■ **Source material**:
::::

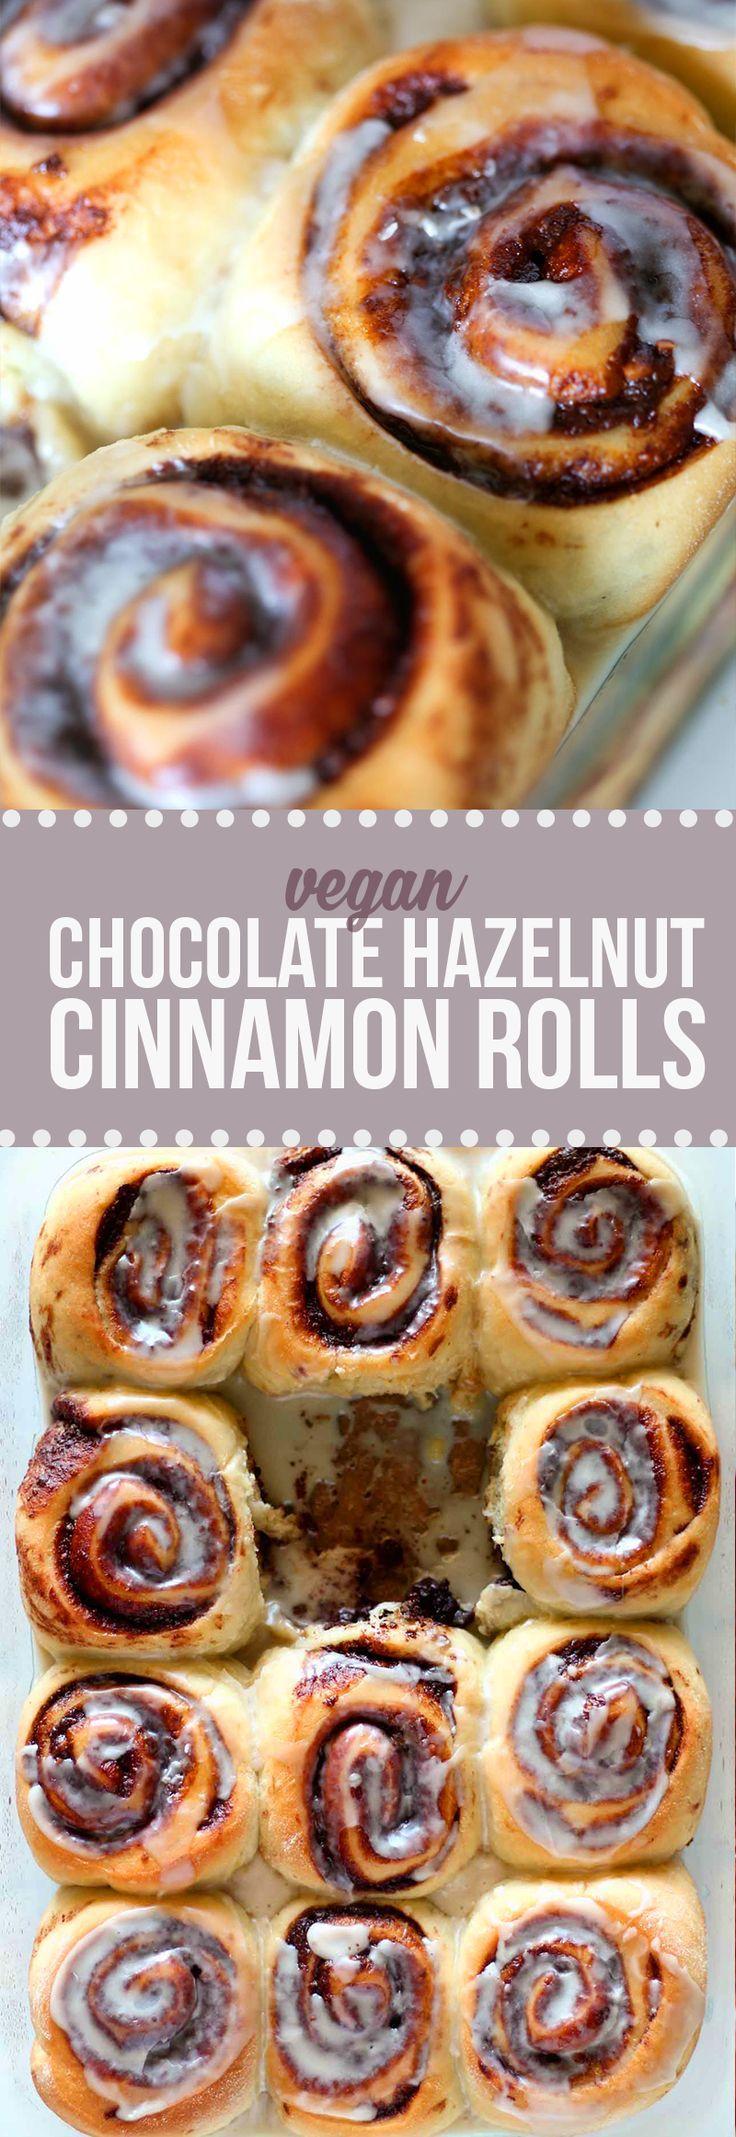 Moist, fluffy, sweet, drool-worthy VEGAN chocolate hazelnut cinnamon rolls!
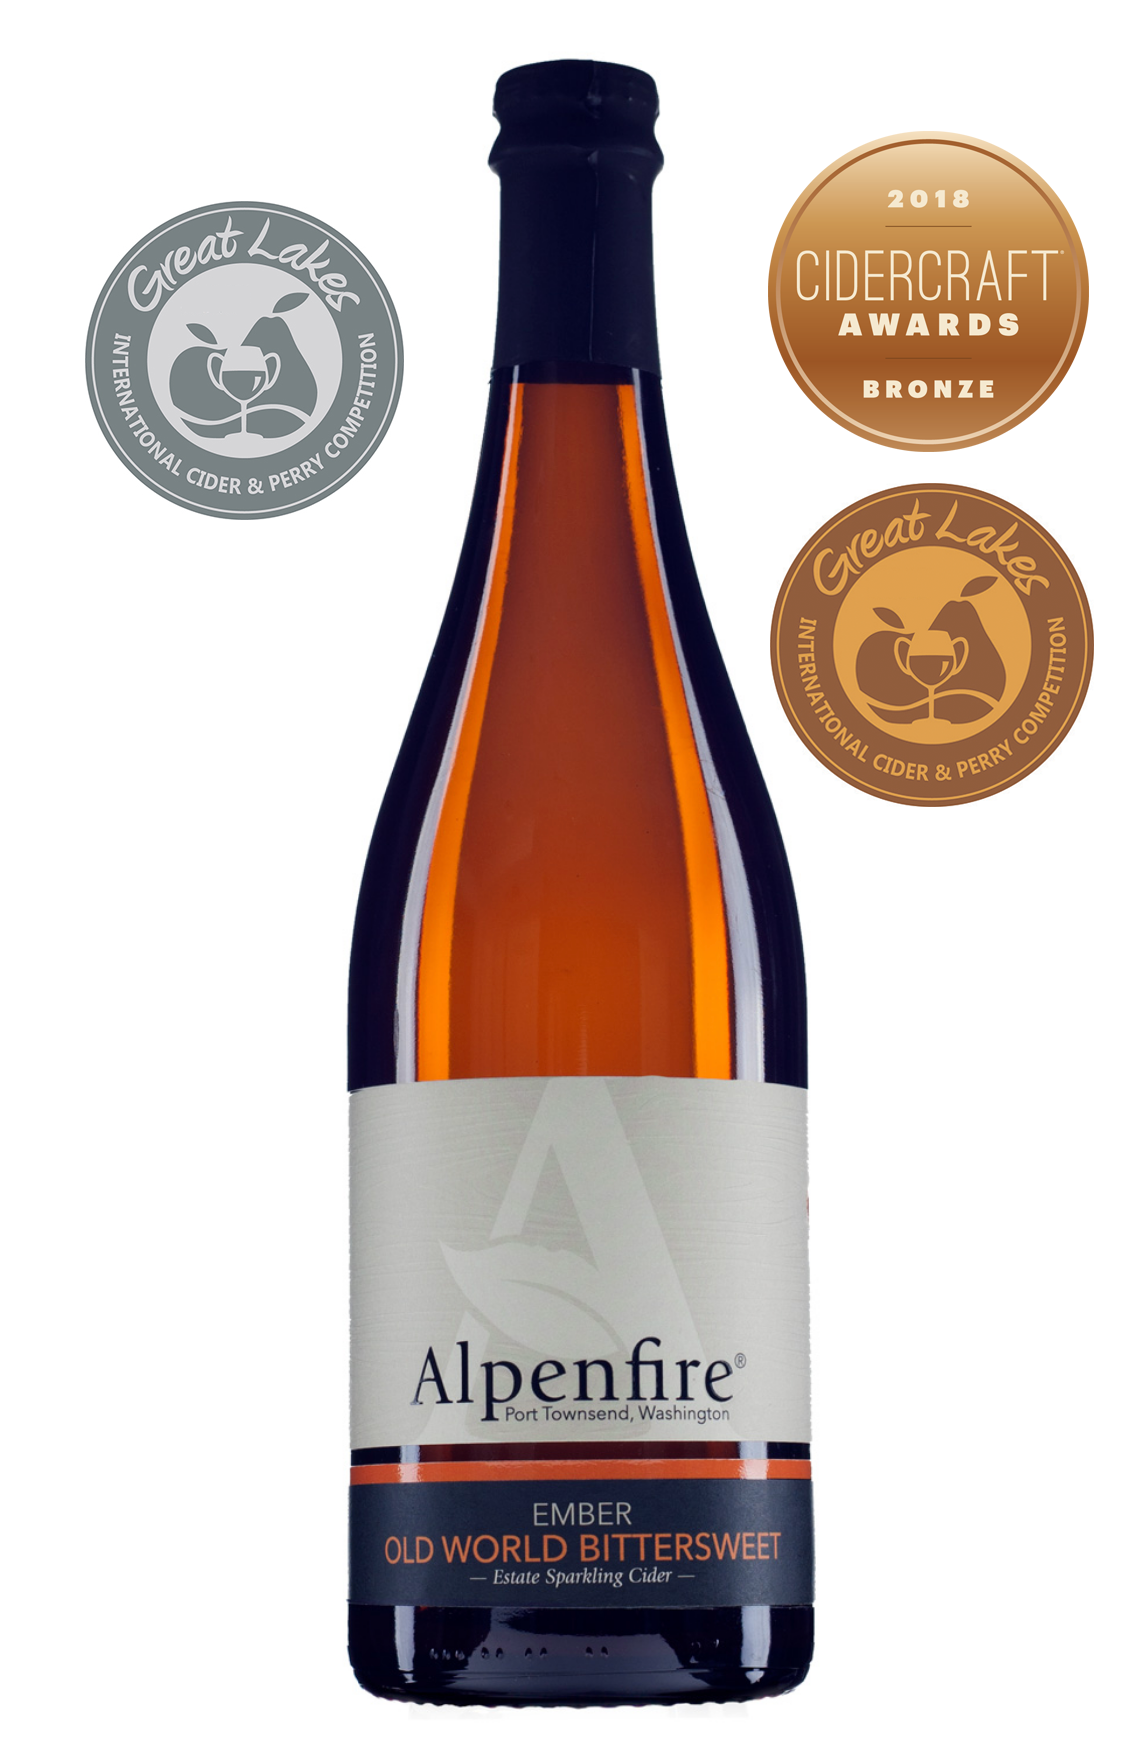 Alpenfire-Old-World-Bittersweet-Ember-glintcap-cidercraft-awards.png
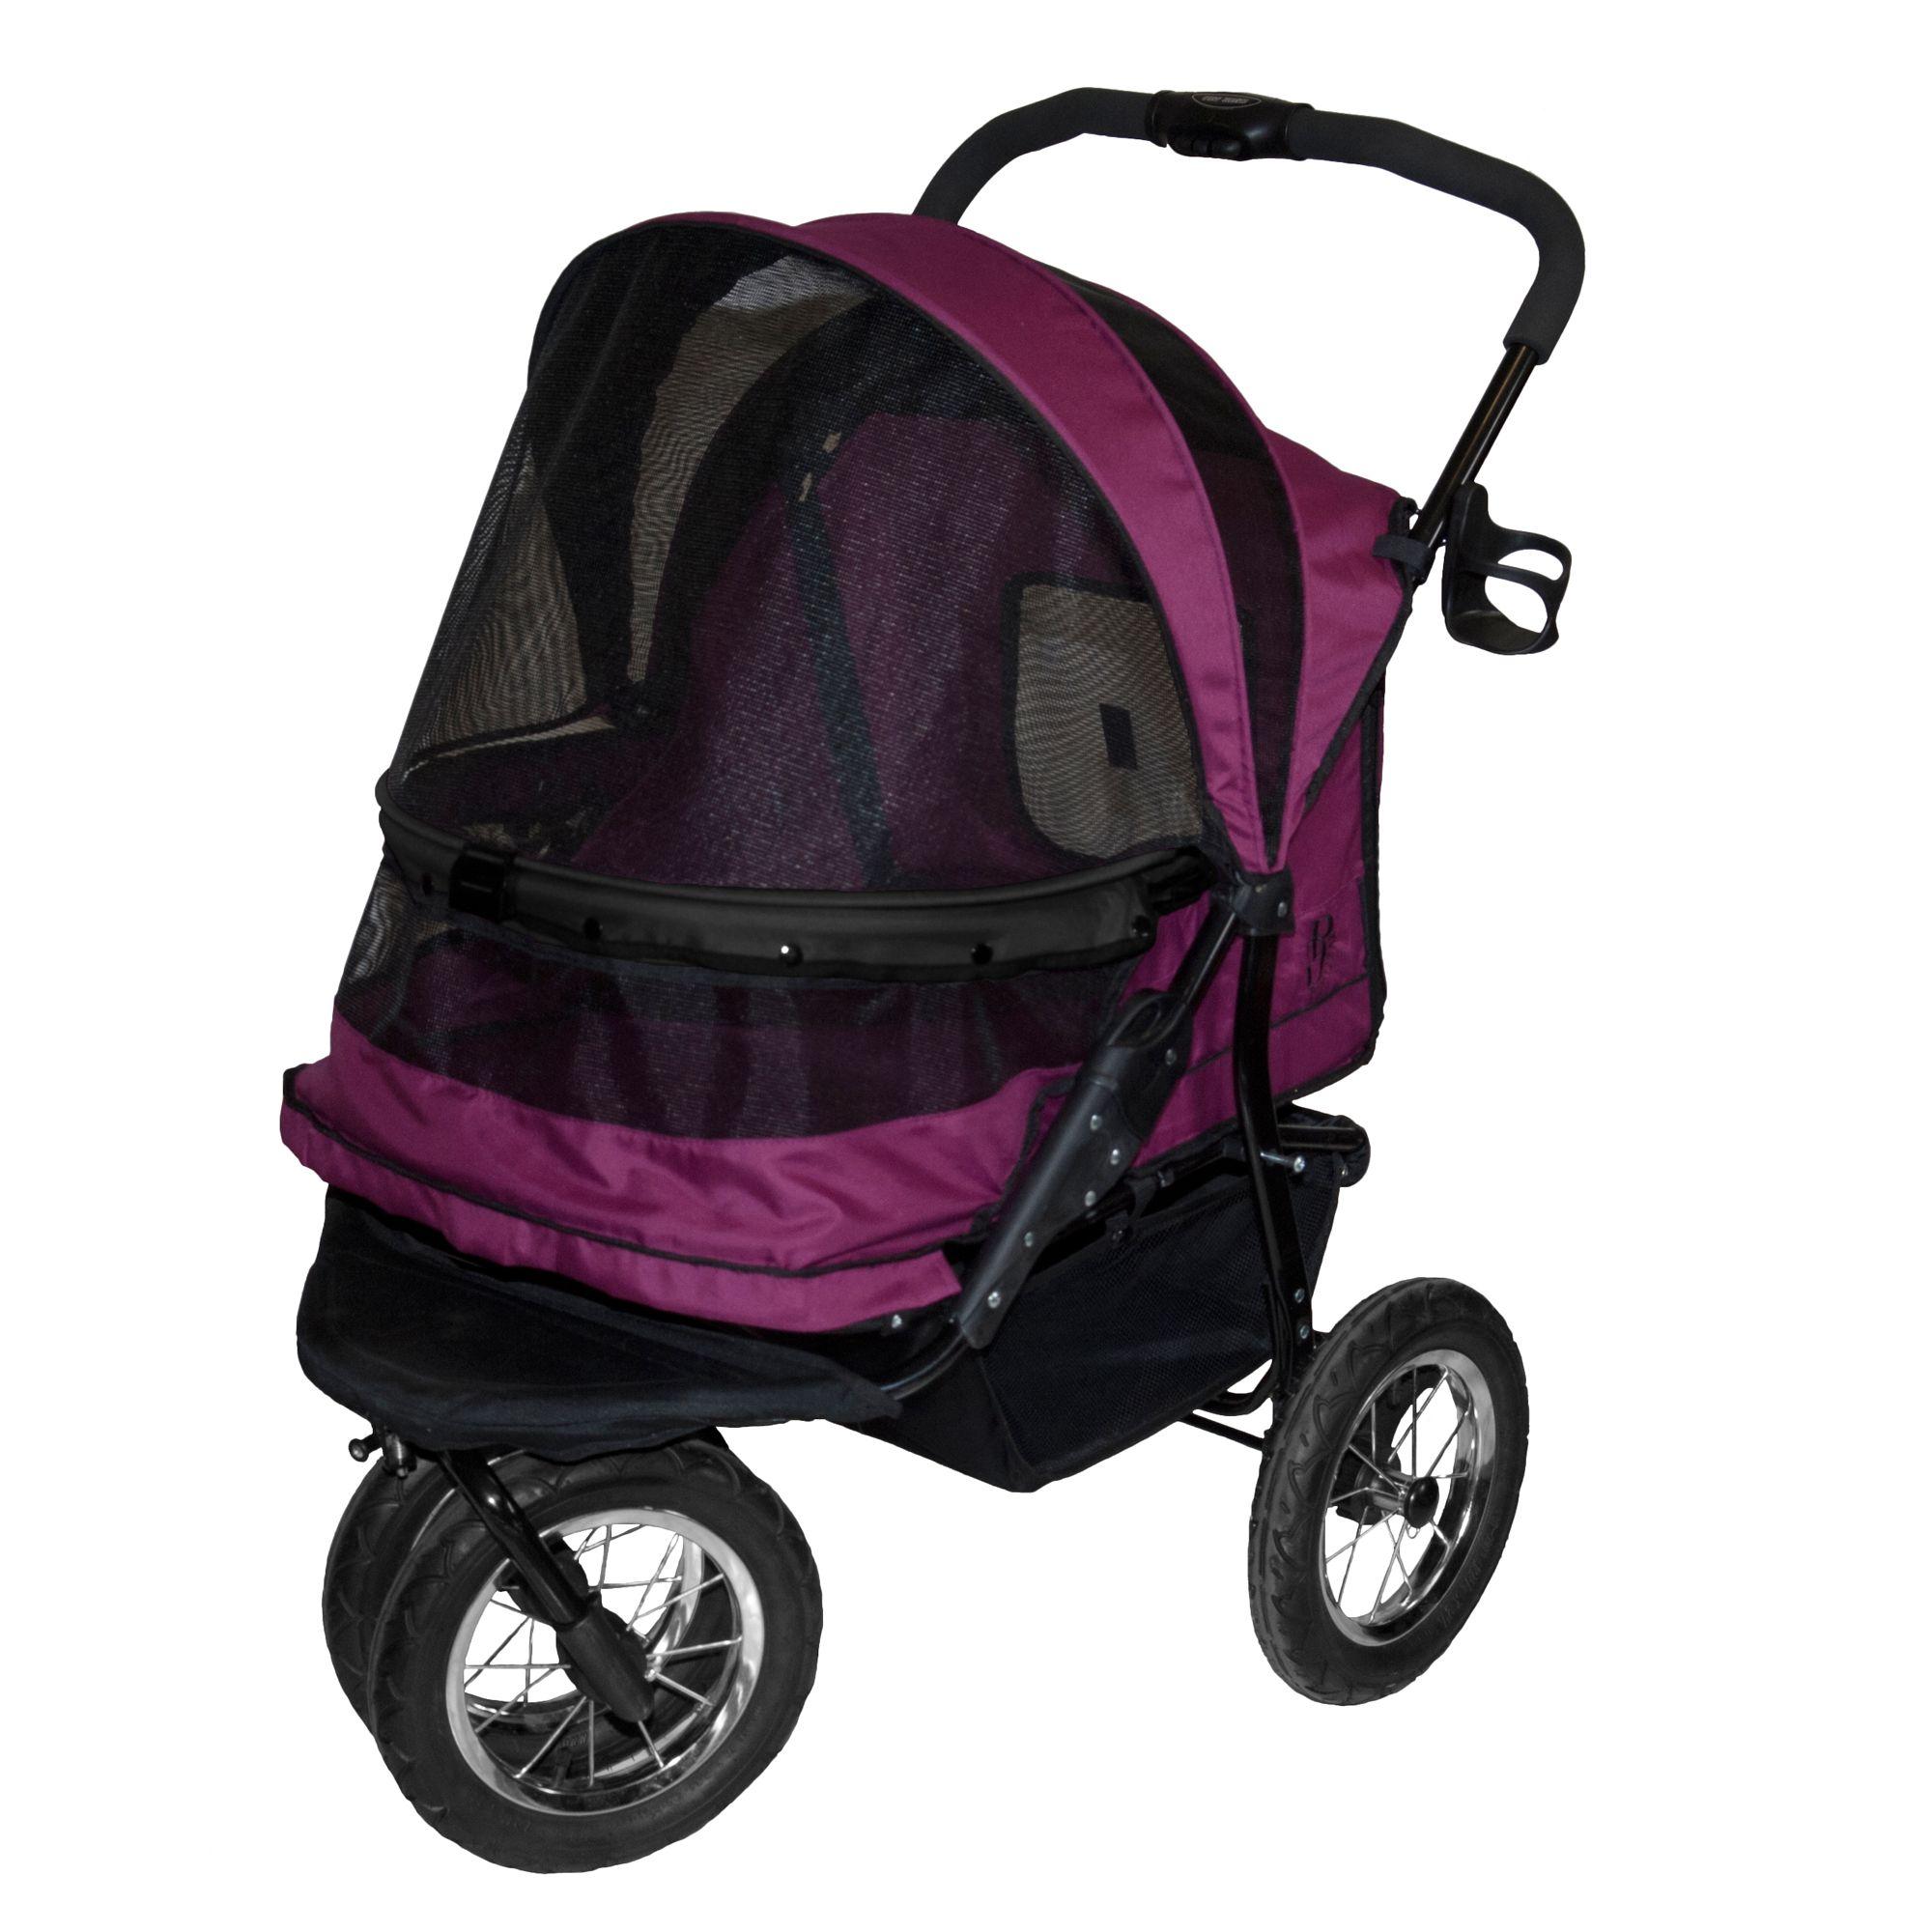 "Pet Gear NO-ZIP Double Pet Stroller size: 27""L x 20""W x 23""H, Purple 5249103"

::::

■ **Activity**: Would you set down the material exactly as it stands, without the pictures?

■ **Result**:
 Moist, fluffy, sweet, drool-worthy VEGAN chocolate hazelnut cinnamon rolls!
 Alpenfire-Old-World-Bittersweet-Ember-glintcap-cidercraft-awards.png
 "Pet Gear NO-ZIP Double Pet Stroller size: 27""L x 20""W x 23""H, Purple 5249103"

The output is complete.